Business/Economy

Australian mining company eyes little-explored Interior Alaska deposit

An Australian mining company plans to conduct field work this summer at a mineral deposit about 60 miles south of Fairbanks that has seen little exploration in the past 20 years.

White Rock Minerals acquired the site, called the Red Mountain Project, last year. Two deposits of zinc, copper, silver, lead and gold have already been discovered there, and there is potential to find more, the company said.

Rohan Worland, exploration manager for White Rock Minerals, said the company doesn't know exactly when exploration will start. But a letter from him and company CEO Matthew Gill to Gov. Bill Walker in October said they are preparing for field explorations during the summer 2017 field season.

"We like the potential of the area," he said in a phone interview. "It's still very much an exploration project, and it will be an exploration for the next few years."

White Rock acquired the Red Mountain Project when it bought a company called Atlas Resources for about $3.3 million last year. The area the company will explore is about 55 square miles.

The exploration will begin with small crews composed of about 20 to 30 people and one or two drill rigs, Worland said. Workers won't be full-time but instead consultants, and the company will use contractors out of Fairbanks to manage and operate the exploration, he said.

White Rock has the claims to the minerals but doesn't yet have any permits in place for exploration or development, Worland said in an email. Certain types of exploration require permits, which the company will apply for when it is ready to drill, he said.

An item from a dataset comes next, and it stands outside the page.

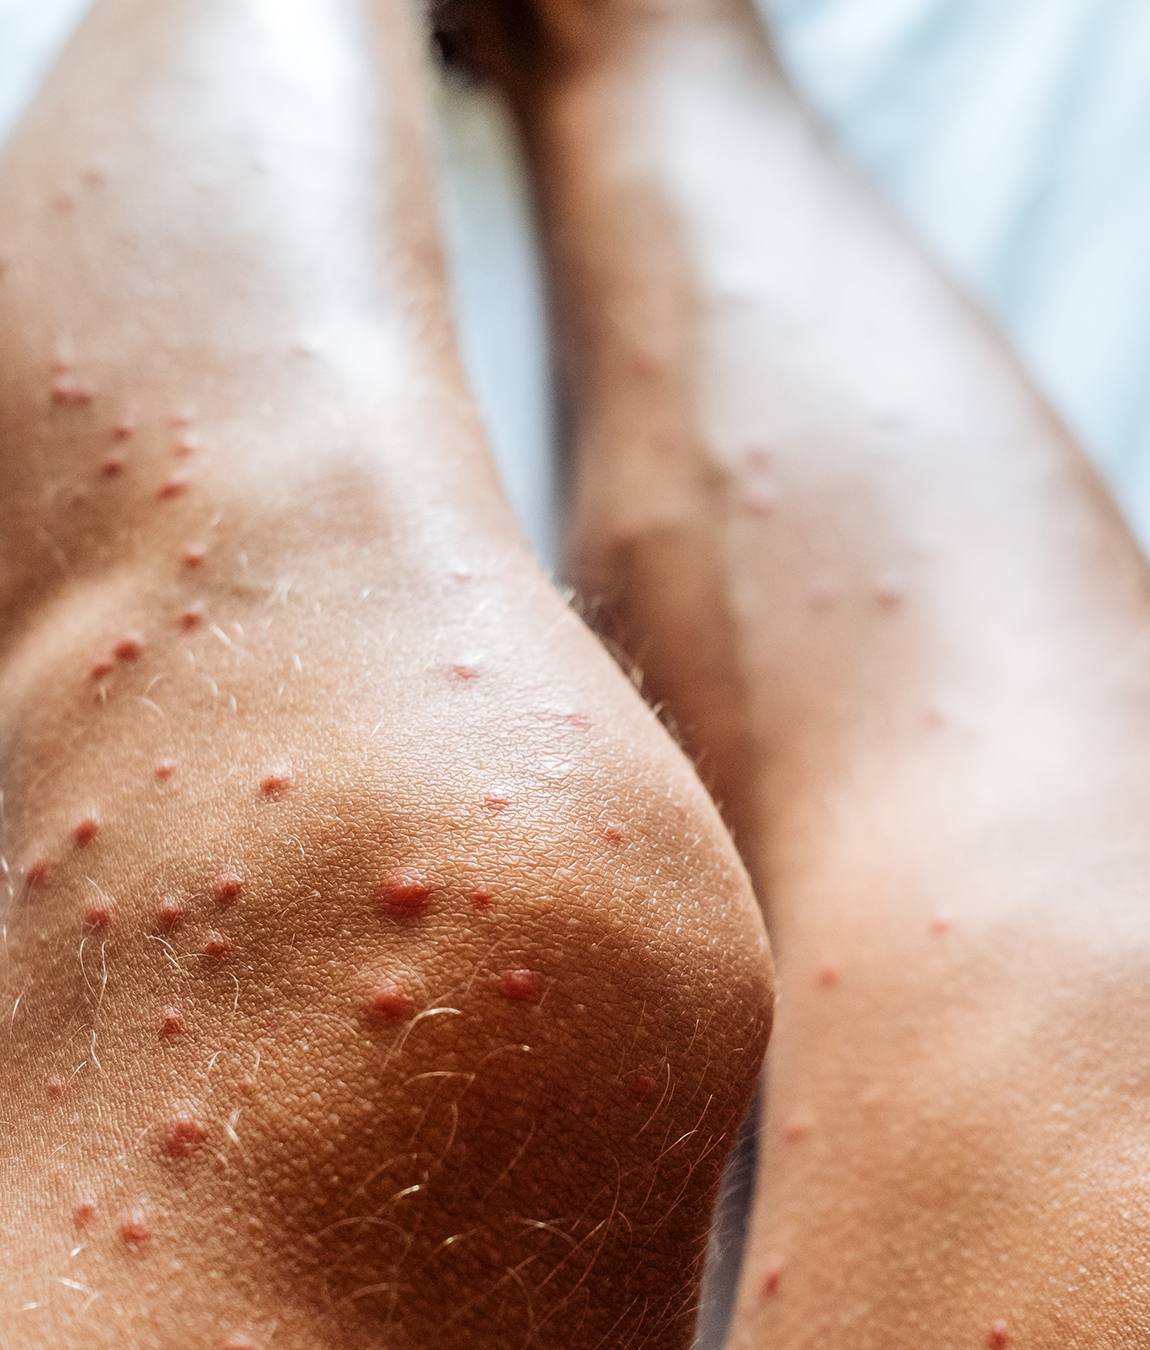 bug bites on a person's legs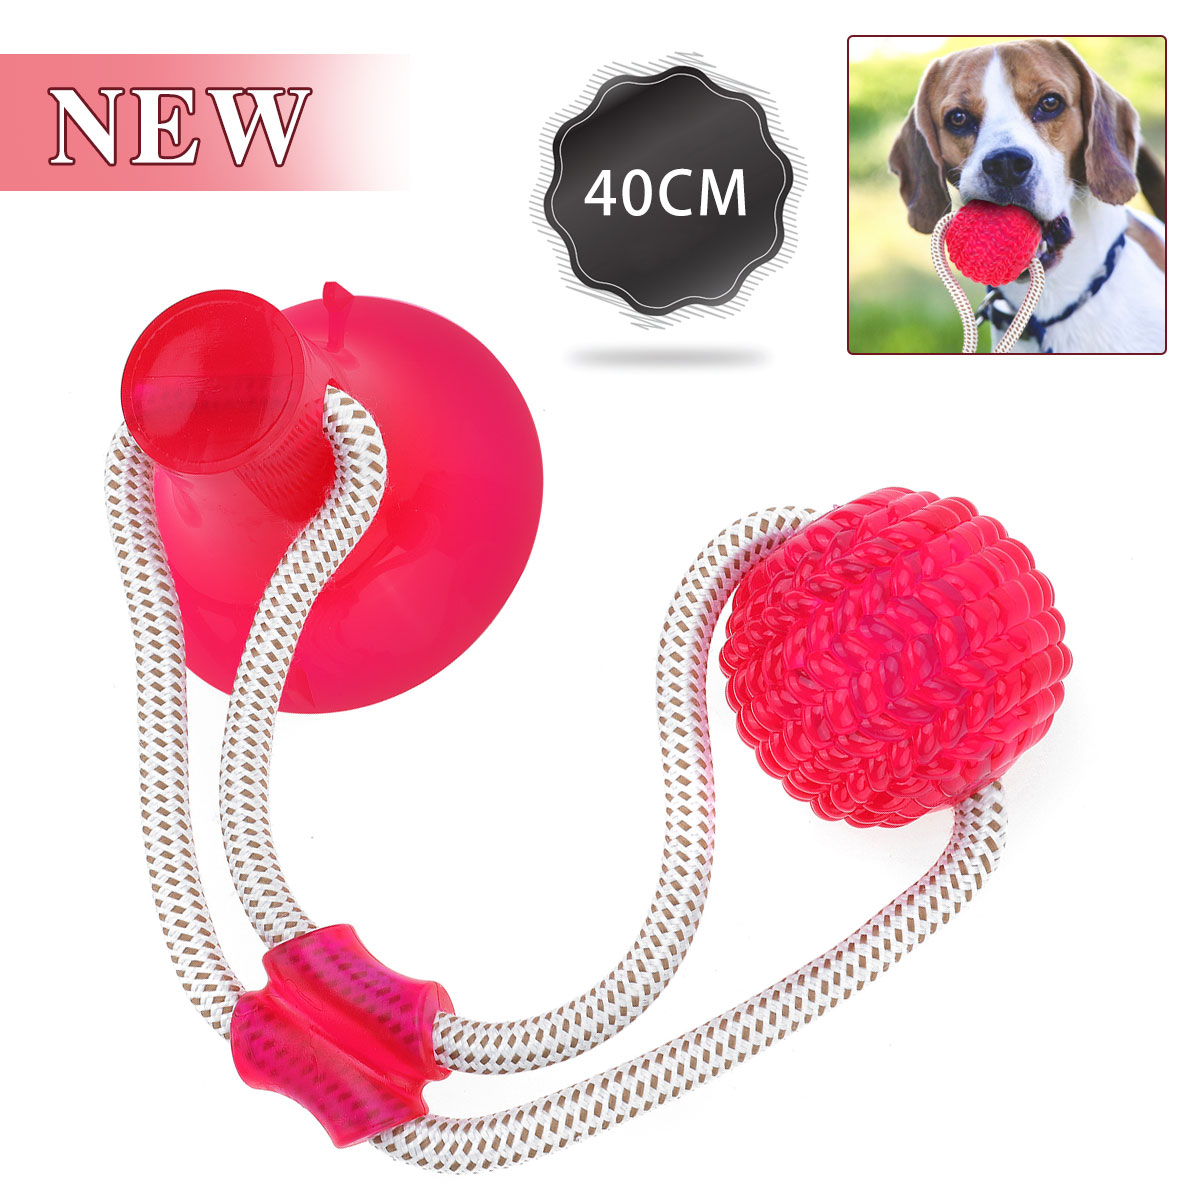 Pet-Molar-Bite-Toy-Suction-Cup-Rubber-Ball-Dog-Chew-Toys-Interactive-Puppy-Molar-Training-Rope-Tug-R-1900175-1

The area in question is on the north side of the Alaska Range, not accessible by road. Steve Masterman, state geologist with the Alaska Department of Natural Resources, said that the Red Mountain Project is "very underdeveloped."

"It's probably too early to say what the potential of that area is just because it's so immature in terms of exploration," Masterman said.

In its letter to Walker, White Rock Minerals said that mapping and survey work done by the Department of Natural Resources were key in renewing interest in "old mining districts" such as this one, where the last commercial exploration "ceased around 1999."